Work instructions: Every line below needs to be printed again exactly, without any of its pictures.

Supplied material:
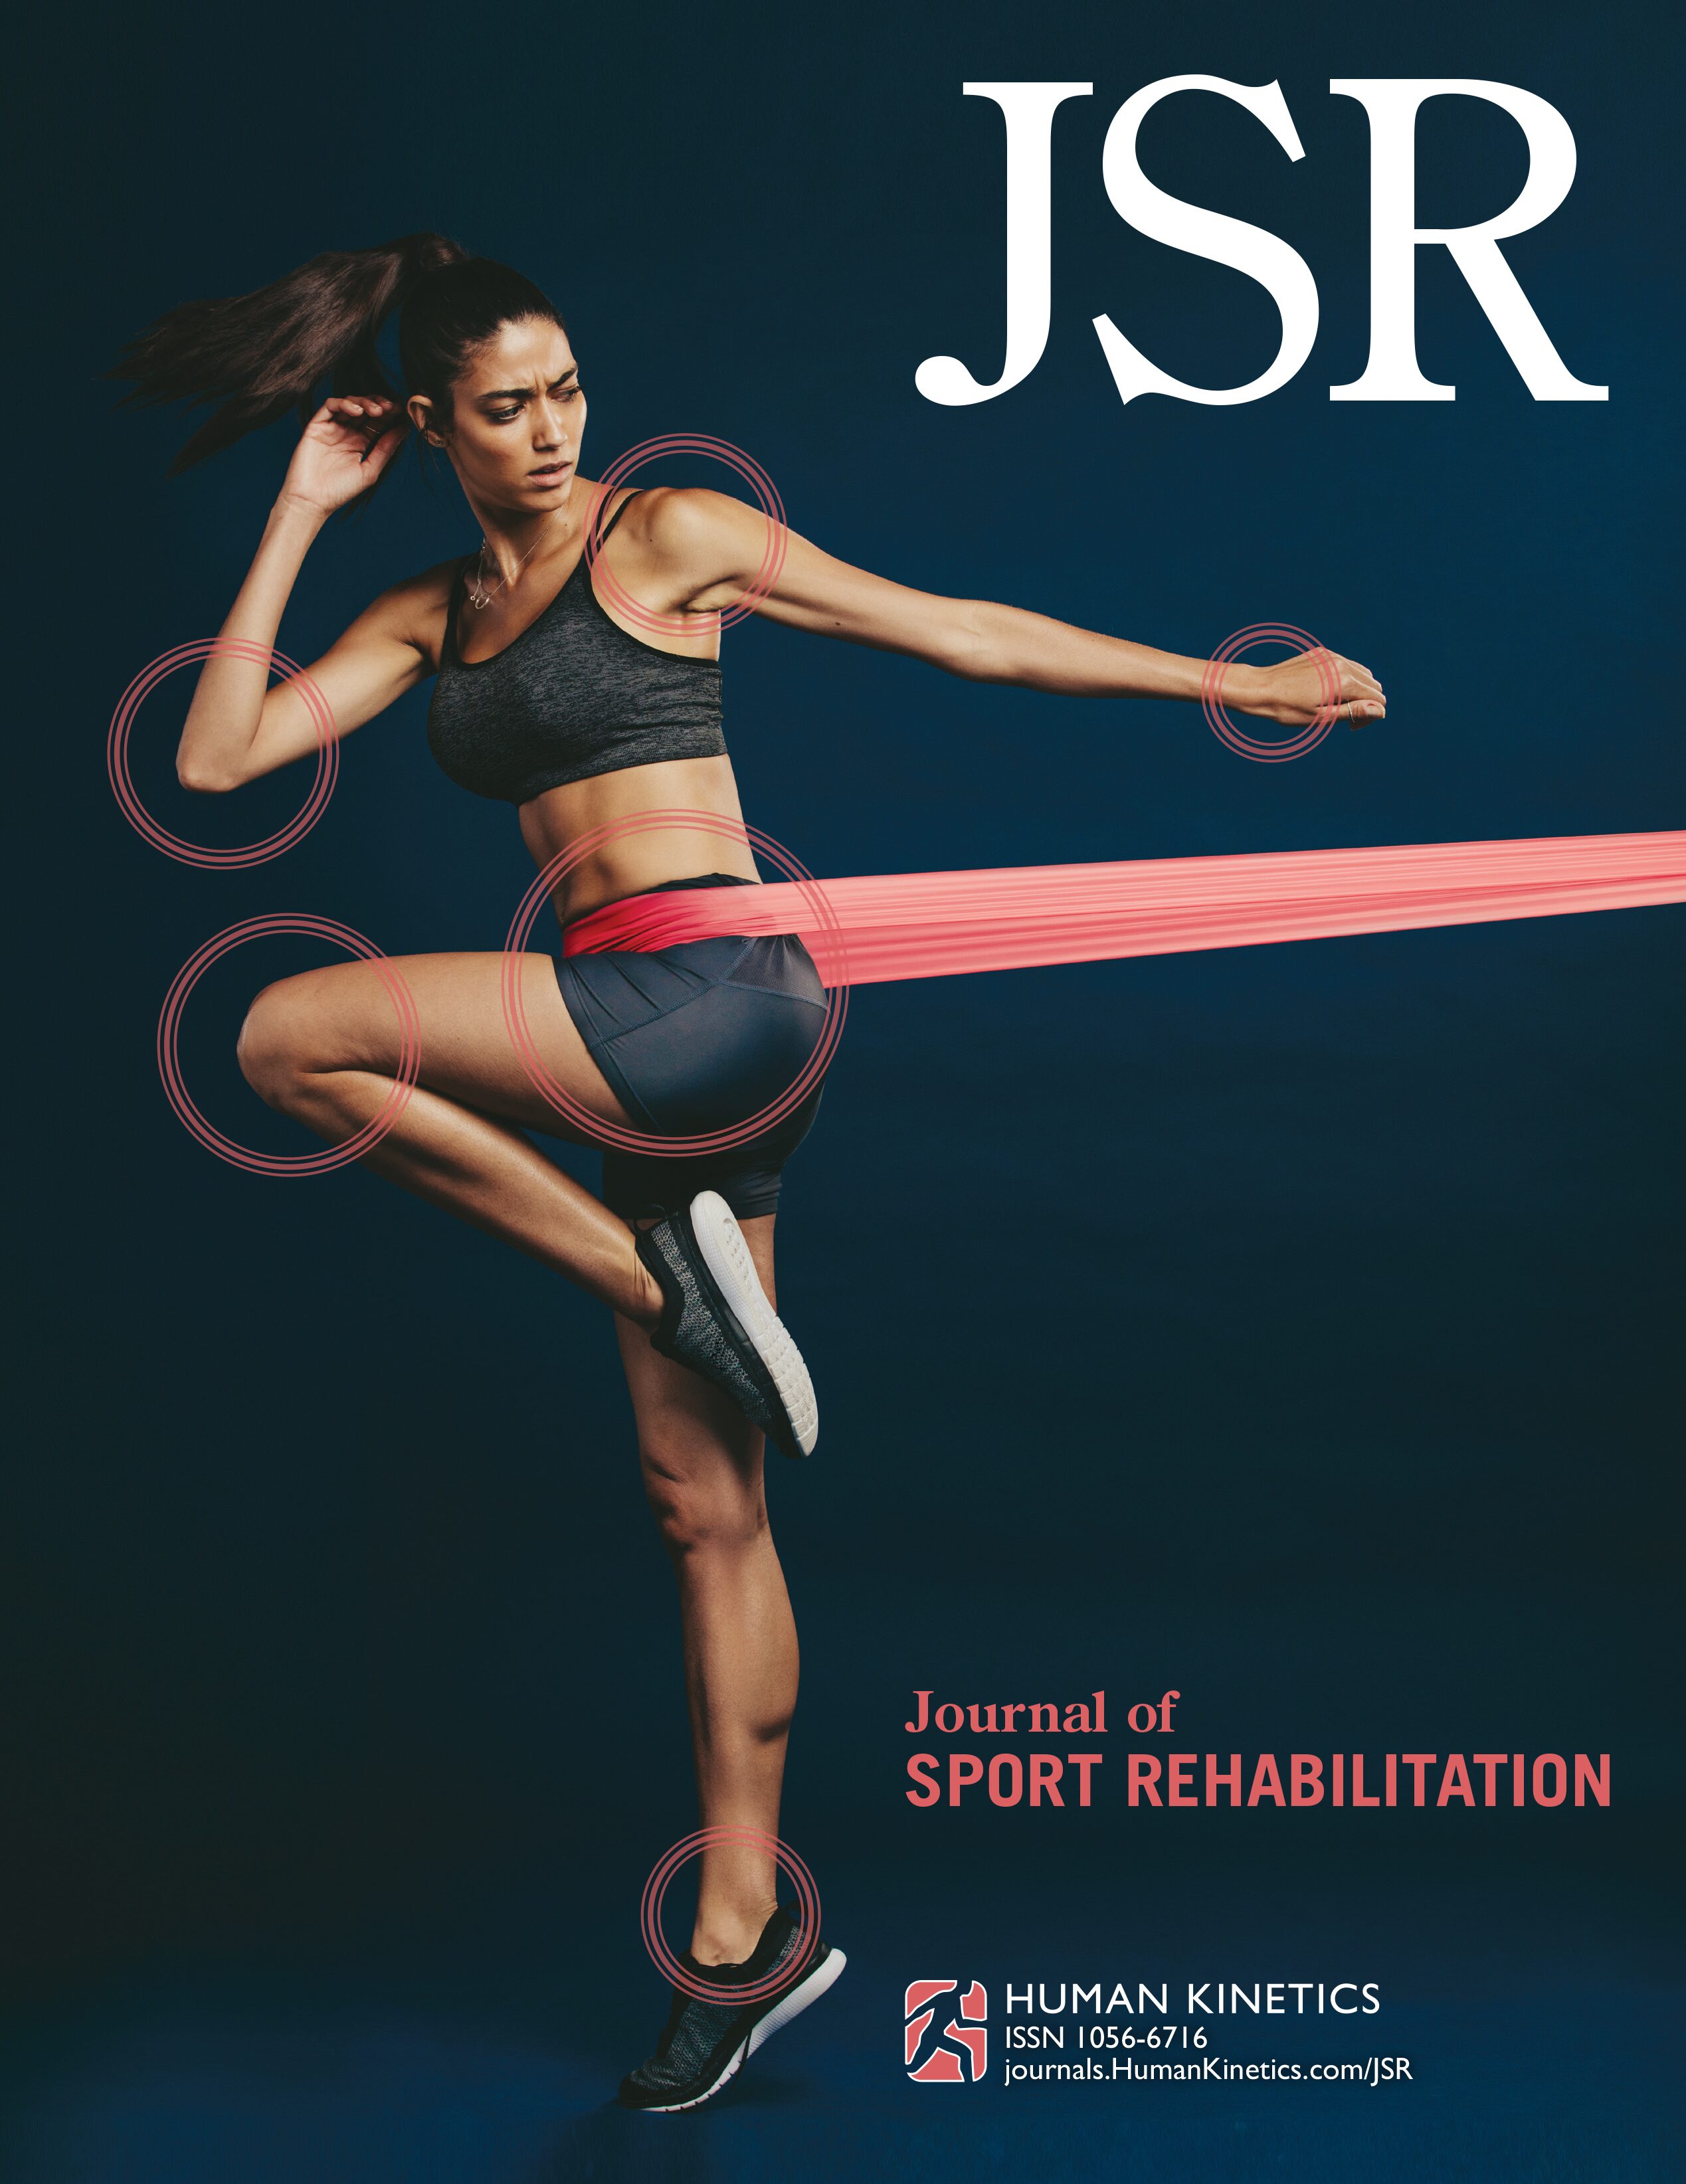 Ultrasound-Guided Percutaneous Needle Electrolysis Combined With Therapeutic Exercise May Add Benefit in the Management of Soleus Injury in Female Soccer Players: A Pilot Study
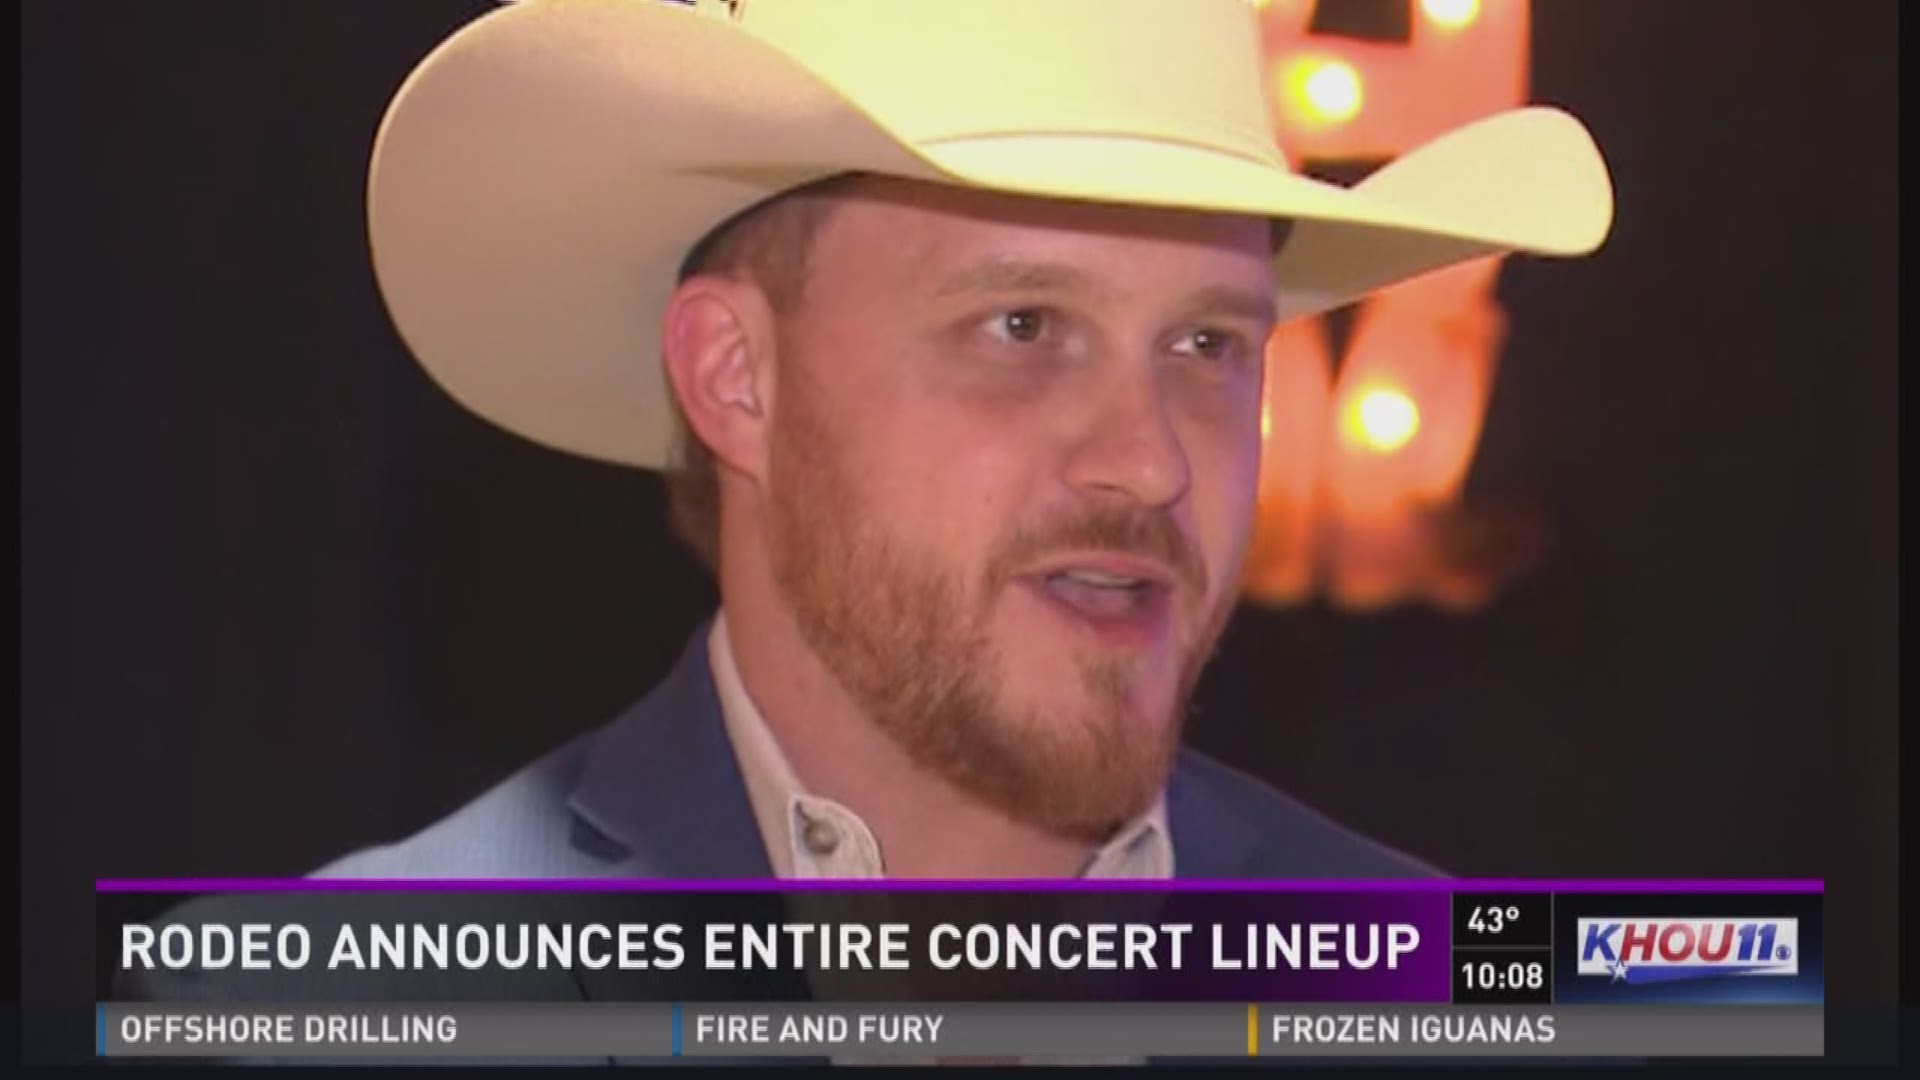 The wait is over for rodeo fans! The entire concert lineup is out for the 2018 Houston Livestock Show and Rodeo.
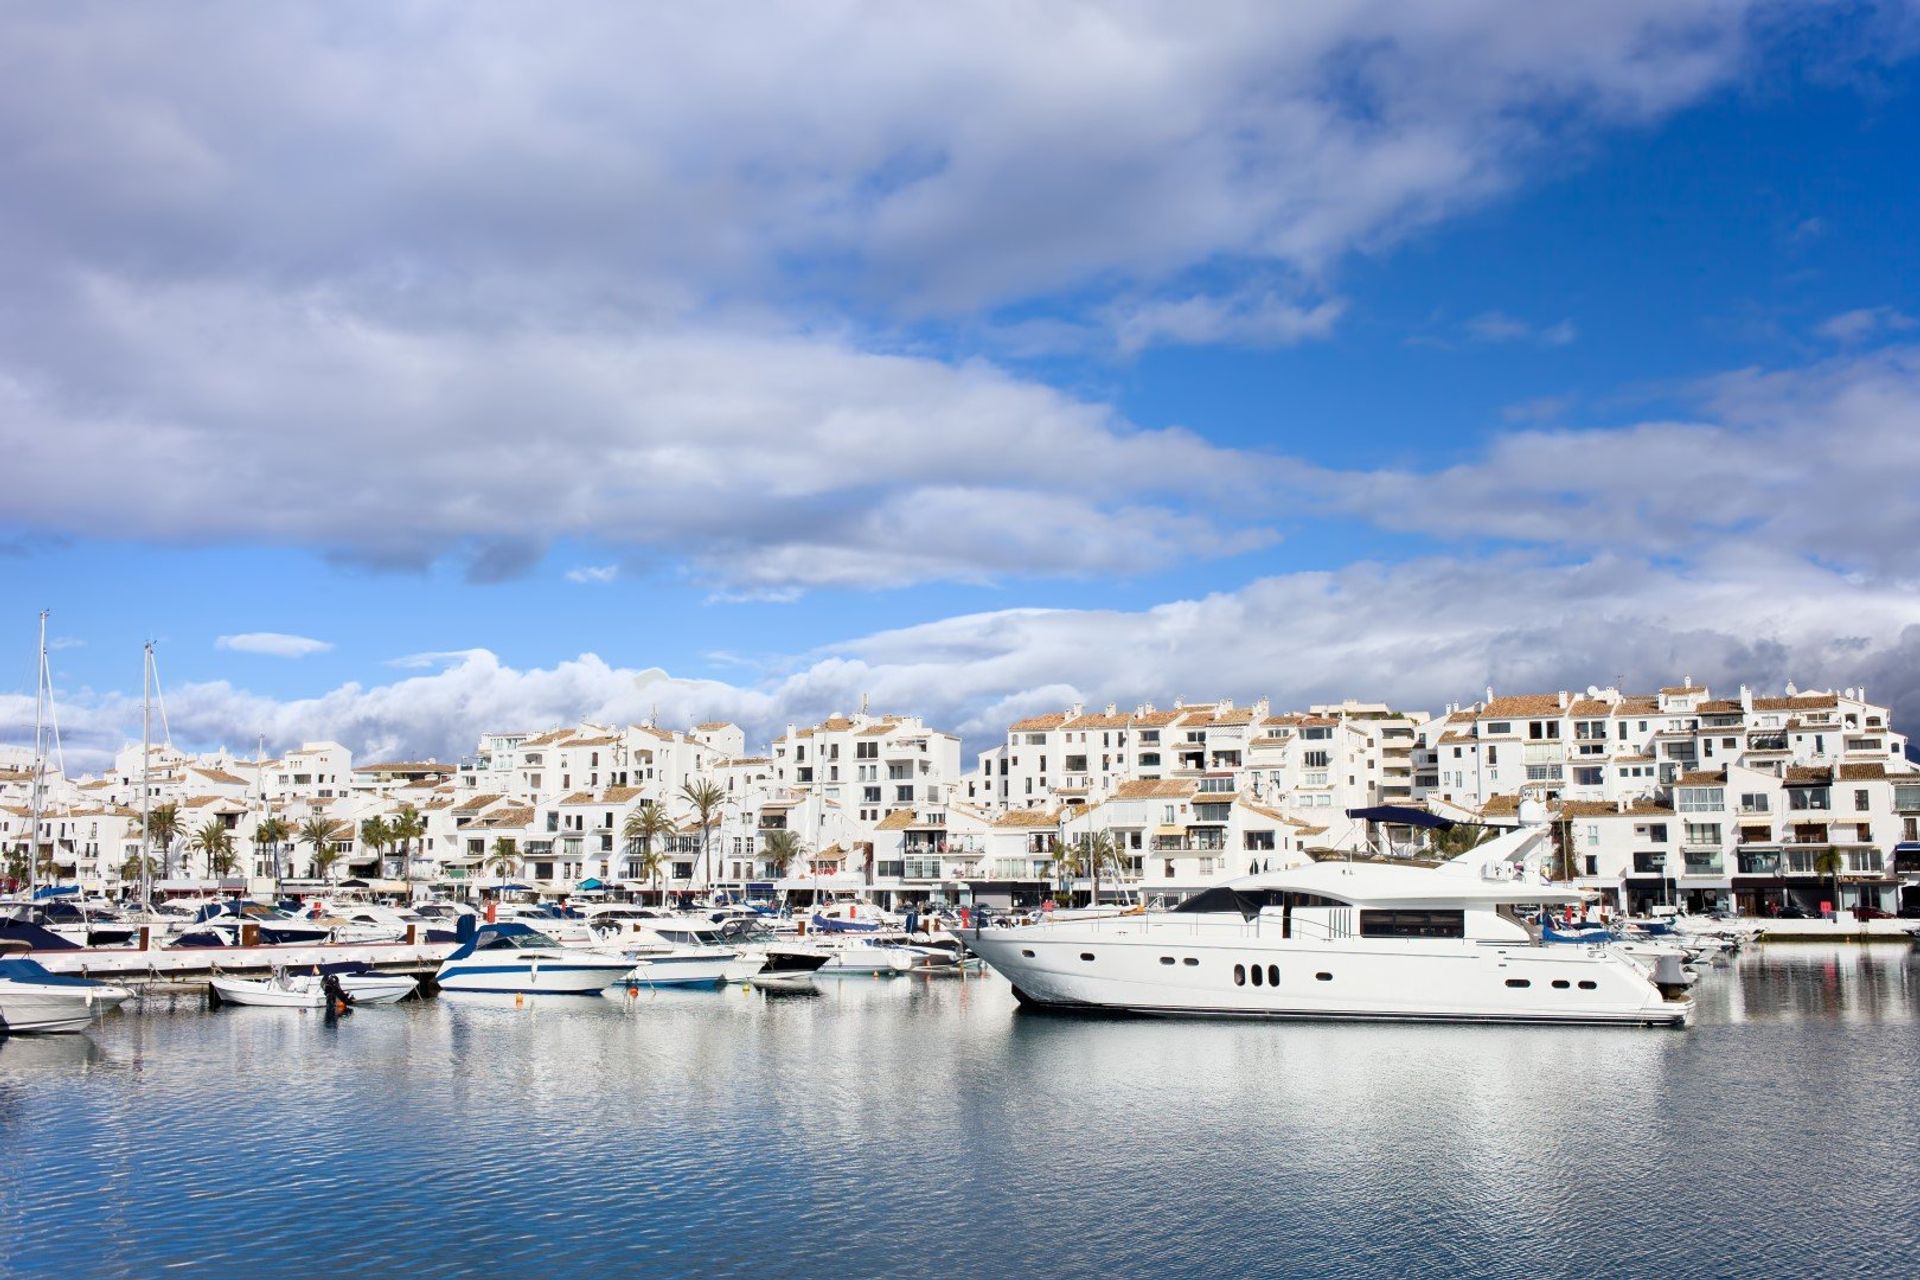 Take an evening walk along Puerto Banus marina dotted with luxury yachts and boats 
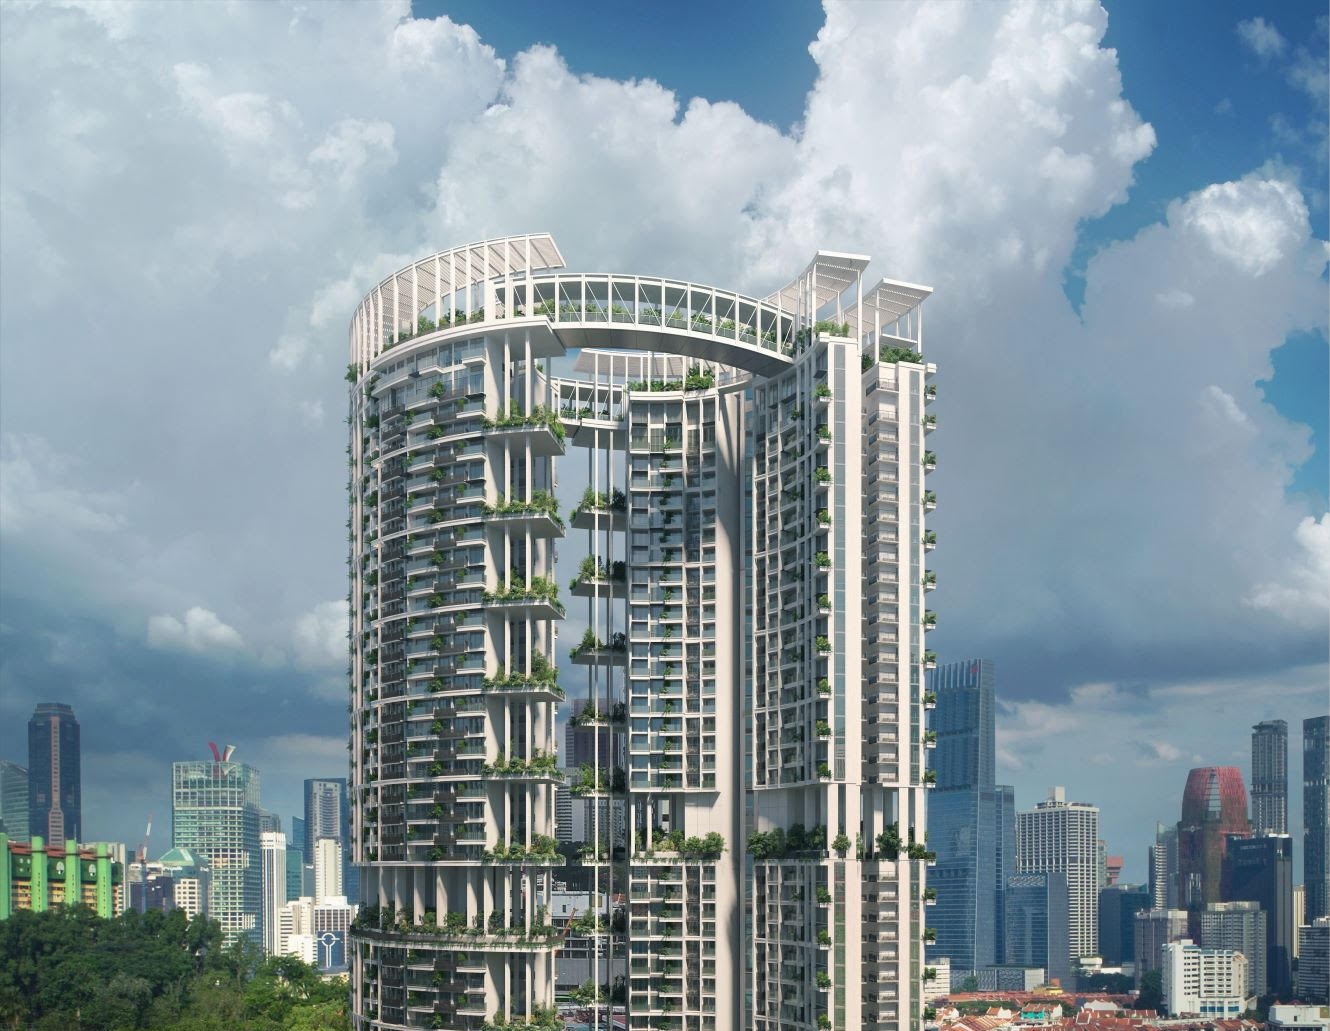 Perched atop the verdant Pearl’s Hill City Park, One Pearl Bank is set to be the tallest residential development in the Outram-Chinatown district in Central Singapore. Artist's impression of One Pearl Bank.

Response to the exercise:
 Ultrasound-Guided Percutaneous Needle Electrolysis Combined With Therapeutic Exercise May Add Benefit in the Management of Soleus Injury in Female Soccer Players: A Pilot Study
 The wait is over for rodeo fans! The entire concert lineup is out for the 2018 Houston Livestock Show and Rodeo.
 Take an evening walk along Puerto Banus marina dotted with luxury yachts and boats 
 Perched atop the verdant Pearl’s Hill City Park, One Pearl Bank is set to be the tallest residential development in the Outram-Chinatown district in Central Singapore. Artist's impression of One Pearl Bank.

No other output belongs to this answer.